↓
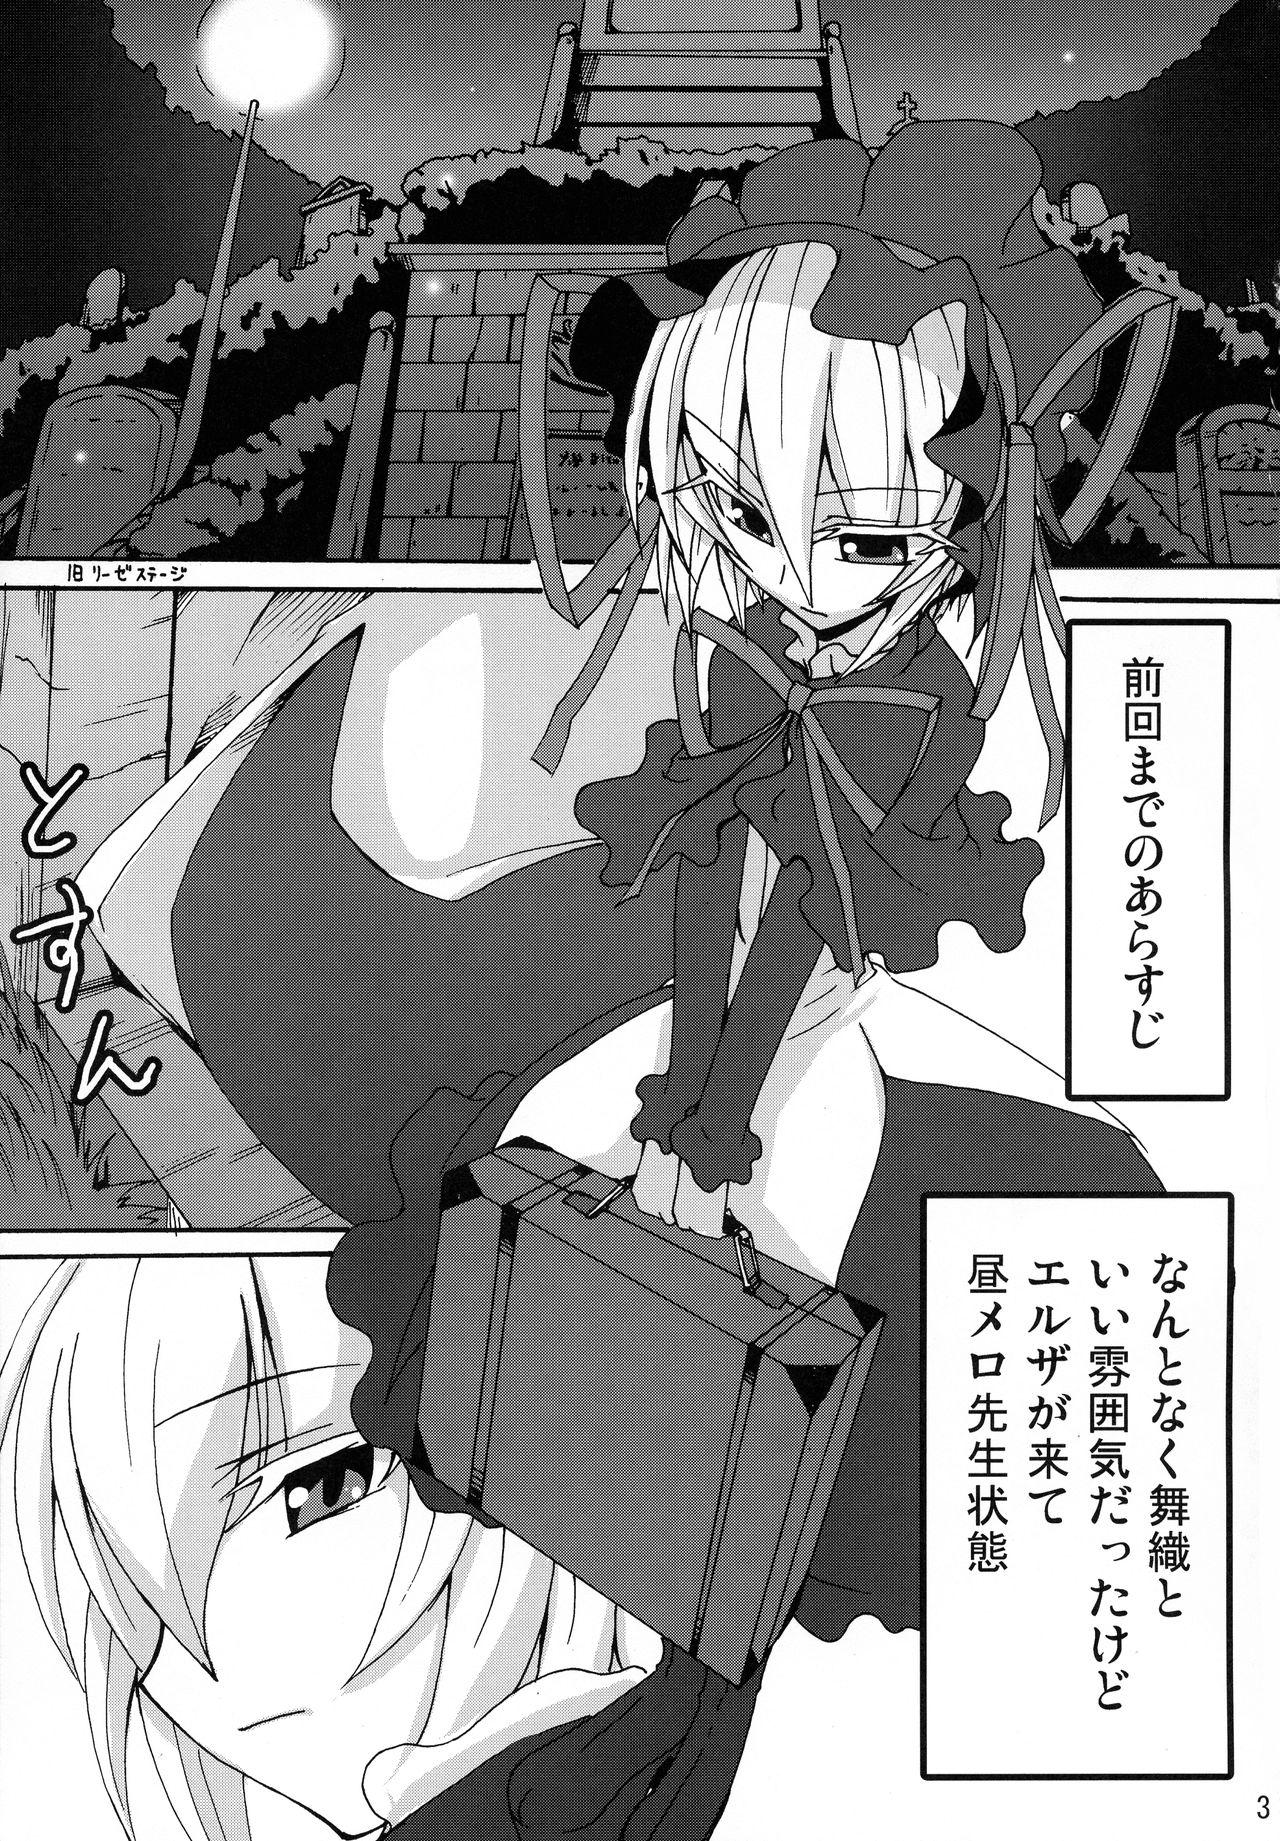 Chat Maorize Hon 3 - Arcana heart Petite Girl Porn - Page 3
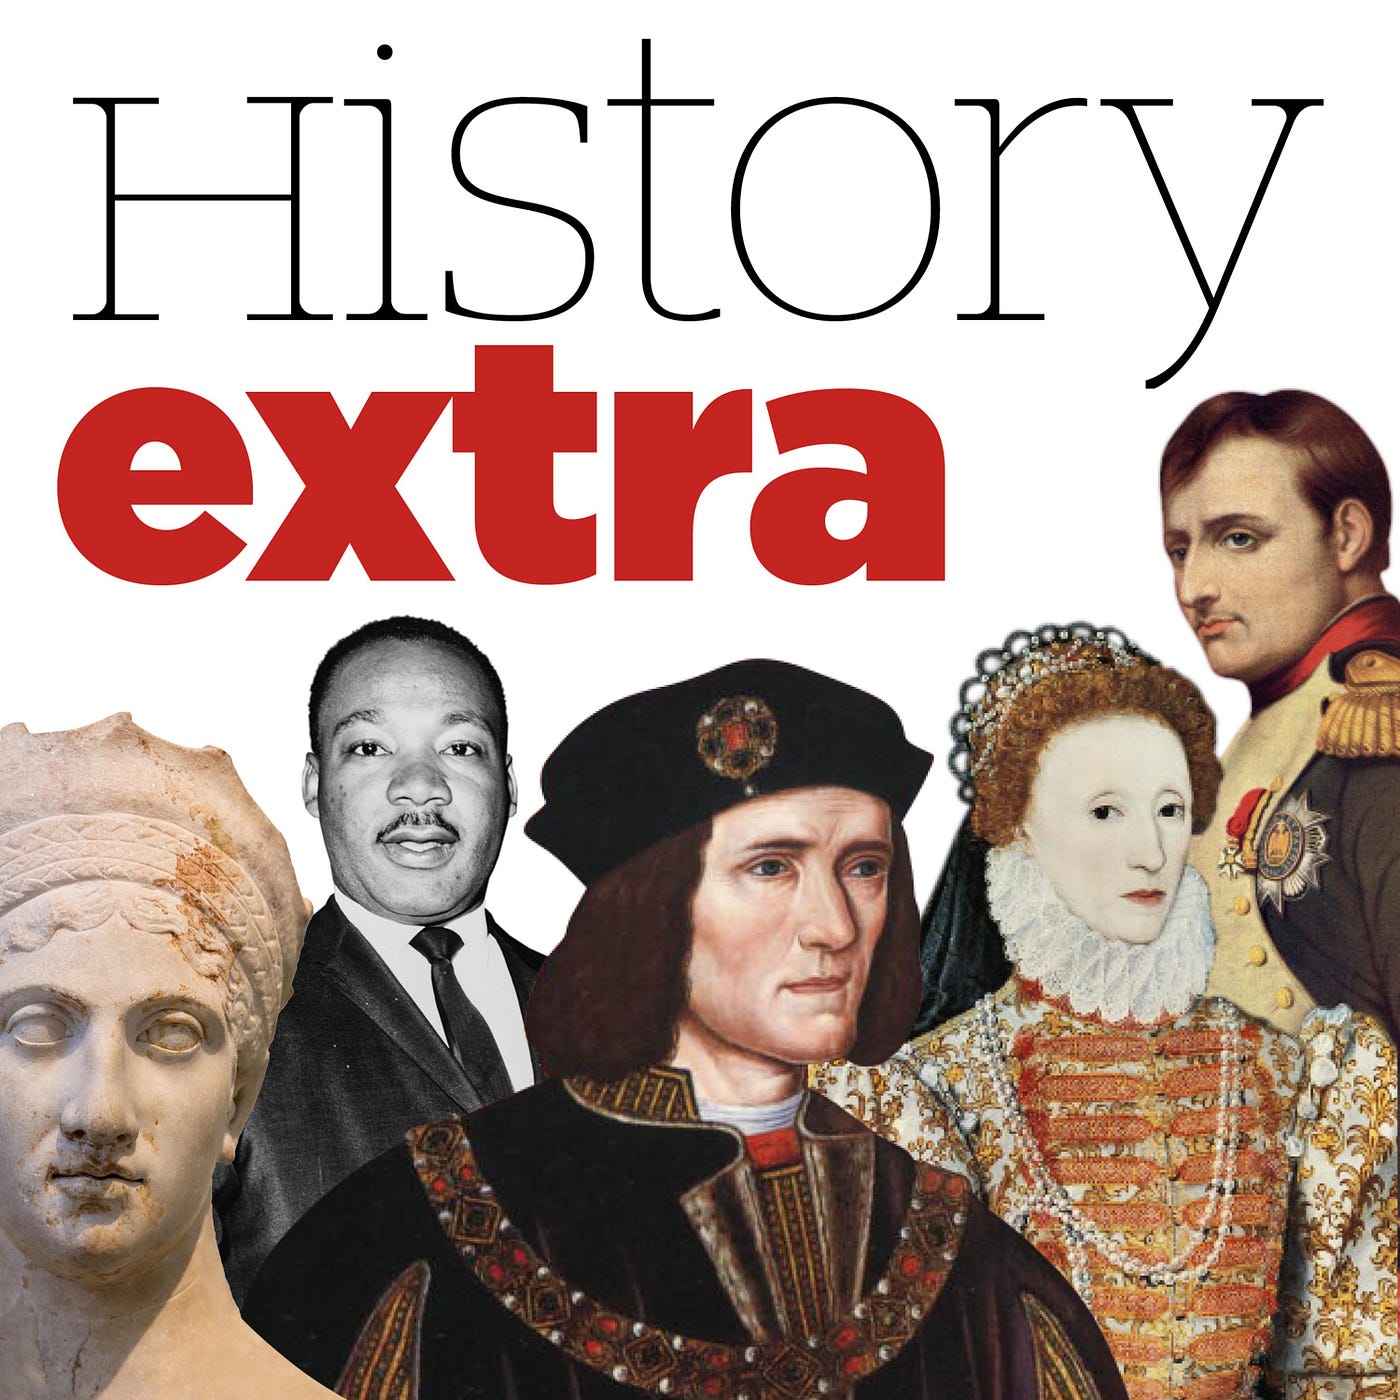 historical biography podcast
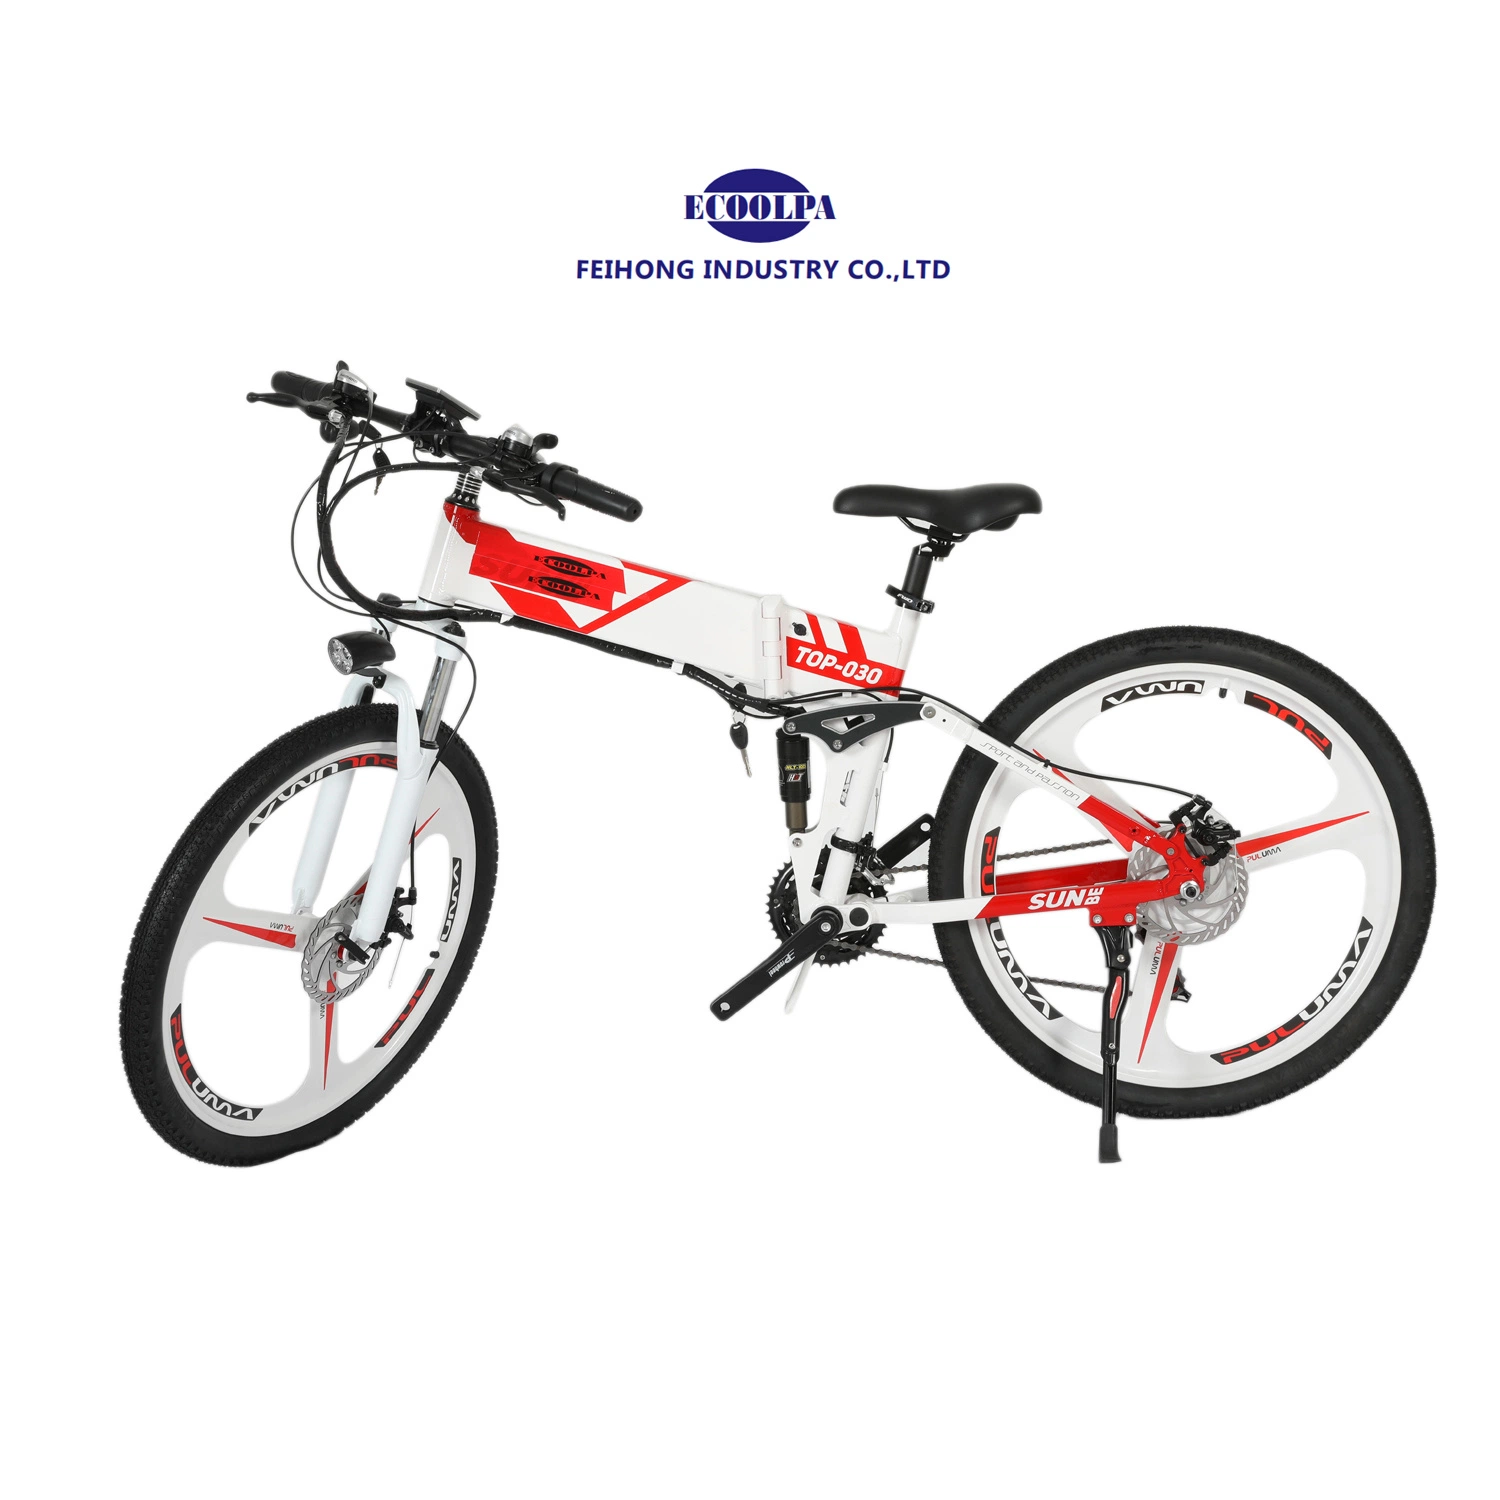 26"Motorcycle Electric Scooter Bicycle Electric Bike Electric Motorcycle Scooter Motor Scooter Battery 48V 7.8ah 500W Motor Electric Cargo Bike Eb-64
↑
Retype the line containing "historical biography podcast" and all lines after it through the end of the material, exactly and only those, leaving out pictures.

 historical biography podcast
 26"Motorcycle Electric Scooter Bicycle Electric Bike Electric Motorcycle Scooter Motor Scooter Battery 48V 7.8ah 500W Motor Electric Cargo Bike Eb-64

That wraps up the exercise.